▶ [THE DATA]:

+-------+

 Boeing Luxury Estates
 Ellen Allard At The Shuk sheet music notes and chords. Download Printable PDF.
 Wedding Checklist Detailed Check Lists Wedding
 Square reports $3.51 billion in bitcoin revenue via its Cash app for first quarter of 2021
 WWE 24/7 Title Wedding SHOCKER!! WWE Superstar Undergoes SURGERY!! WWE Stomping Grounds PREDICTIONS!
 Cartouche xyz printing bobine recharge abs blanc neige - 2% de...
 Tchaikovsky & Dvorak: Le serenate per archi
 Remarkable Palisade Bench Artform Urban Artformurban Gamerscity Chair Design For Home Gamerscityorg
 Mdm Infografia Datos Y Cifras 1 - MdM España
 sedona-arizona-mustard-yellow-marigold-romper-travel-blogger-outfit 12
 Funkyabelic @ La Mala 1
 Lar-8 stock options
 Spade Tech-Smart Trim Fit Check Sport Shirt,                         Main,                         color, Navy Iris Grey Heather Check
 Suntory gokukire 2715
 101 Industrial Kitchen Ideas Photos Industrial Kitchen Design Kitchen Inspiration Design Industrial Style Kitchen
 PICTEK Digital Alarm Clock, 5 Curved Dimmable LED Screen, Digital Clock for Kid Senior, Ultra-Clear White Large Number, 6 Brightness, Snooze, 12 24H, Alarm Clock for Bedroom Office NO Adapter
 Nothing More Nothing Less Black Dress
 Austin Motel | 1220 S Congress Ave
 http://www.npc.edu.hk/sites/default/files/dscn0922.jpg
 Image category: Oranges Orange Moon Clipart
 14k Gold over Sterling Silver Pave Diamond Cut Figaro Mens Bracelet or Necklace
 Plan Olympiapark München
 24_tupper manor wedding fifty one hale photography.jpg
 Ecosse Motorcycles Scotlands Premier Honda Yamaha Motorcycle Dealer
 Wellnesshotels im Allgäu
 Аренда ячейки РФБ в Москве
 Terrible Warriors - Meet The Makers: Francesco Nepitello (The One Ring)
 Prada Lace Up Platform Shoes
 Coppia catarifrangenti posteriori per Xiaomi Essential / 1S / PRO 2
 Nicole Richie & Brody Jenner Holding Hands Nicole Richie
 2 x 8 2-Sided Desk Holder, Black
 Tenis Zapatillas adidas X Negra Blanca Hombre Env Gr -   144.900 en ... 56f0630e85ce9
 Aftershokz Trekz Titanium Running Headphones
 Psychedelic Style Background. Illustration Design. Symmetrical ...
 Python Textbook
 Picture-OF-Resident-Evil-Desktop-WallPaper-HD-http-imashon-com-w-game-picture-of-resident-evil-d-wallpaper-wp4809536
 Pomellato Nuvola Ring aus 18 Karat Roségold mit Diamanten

+-------+

▶ [WHAT IS EXPECTED]:
All of the material above needs to be transcribed verbatim.

▶ [SOLUTION TO THIS EXERCISE]:
 Boeing Luxury Estates
 Ellen Allard At The Shuk sheet music notes and chords. Download Printable PDF.
 Wedding Checklist Detailed Check Lists Wedding
 Square reports $3.51 billion in bitcoin revenue via its Cash app for first quarter of 2021
 WWE 24/7 Title Wedding SHOCKER!! WWE Superstar Undergoes SURGERY!! WWE Stomping Grounds PREDICTIONS!
 Cartouche xyz printing bobine recharge abs blanc neige - 2% de...
 Tchaikovsky & Dvorak: Le serenate per archi
 Remarkable Palisade Bench Artform Urban Artformurban Gamerscity Chair Design For Home Gamerscityorg
 Mdm Infografia Datos Y Cifras 1 - MdM España
 sedona-arizona-mustard-yellow-marigold-romper-travel-blogger-outfit 12
 Funkyabelic @ La Mala 1
 Lar-8 stock options
 Spade Tech-Smart Trim Fit Check Sport Shirt,                         Main,                         color, Navy Iris Grey Heather Check
 Suntory gokukire 2715
 101 Industrial Kitchen Ideas Photos Industrial Kitchen Design Kitchen Inspiration Design Industrial Style Kitchen
 PICTEK Digital Alarm Clock, 5 Curved Dimmable LED Screen, Digital Clock for Kid Senior, Ultra-Clear White Large Number, 6 Brightness, Snooze, 12 24H, Alarm Clock for Bedroom Office NO Adapter
 Nothing More Nothing Less Black Dress
 Austin Motel | 1220 S Congress Ave
 http://www.npc.edu.hk/sites/default/files/dscn0922.jpg
 Image category: Oranges Orange Moon Clipart
 14k Gold over Sterling Silver Pave Diamond Cut Figaro Mens Bracelet or Necklace
 Plan Olympiapark München
 24_tupper manor wedding fifty one hale photography.jpg
 Ecosse Motorcycles Scotlands Premier Honda Yamaha Motorcycle Dealer
 Wellnesshotels im Allgäu
 Аренда ячейки РФБ в Москве
 Terrible Warriors - Meet The Makers: Francesco Nepitello (The One Ring)
 Prada Lace Up Platform Shoes
 Coppia catarifrangenti posteriori per Xiaomi Essential / 1S / PRO 2
 Nicole Richie & Brody Jenner Holding Hands Nicole Richie
 2 x 8 2-Sided Desk Holder, Black
 Tenis Zapatillas adidas X Negra Blanca Hombre Env Gr -   144.900 en ... 56f0630e85ce9
 Aftershokz Trekz Titanium Running Headphones
 Psychedelic Style Background. Illustration Design. Symmetrical ...
 Python Textbook
 Picture-OF-Resident-Evil-Desktop-WallPaper-HD-http-imashon-com-w-game-picture-of-resident-evil-d-wallpaper-wp4809536
 Pomellato Nuvola Ring aus 18 Karat Roségold mit Diamanten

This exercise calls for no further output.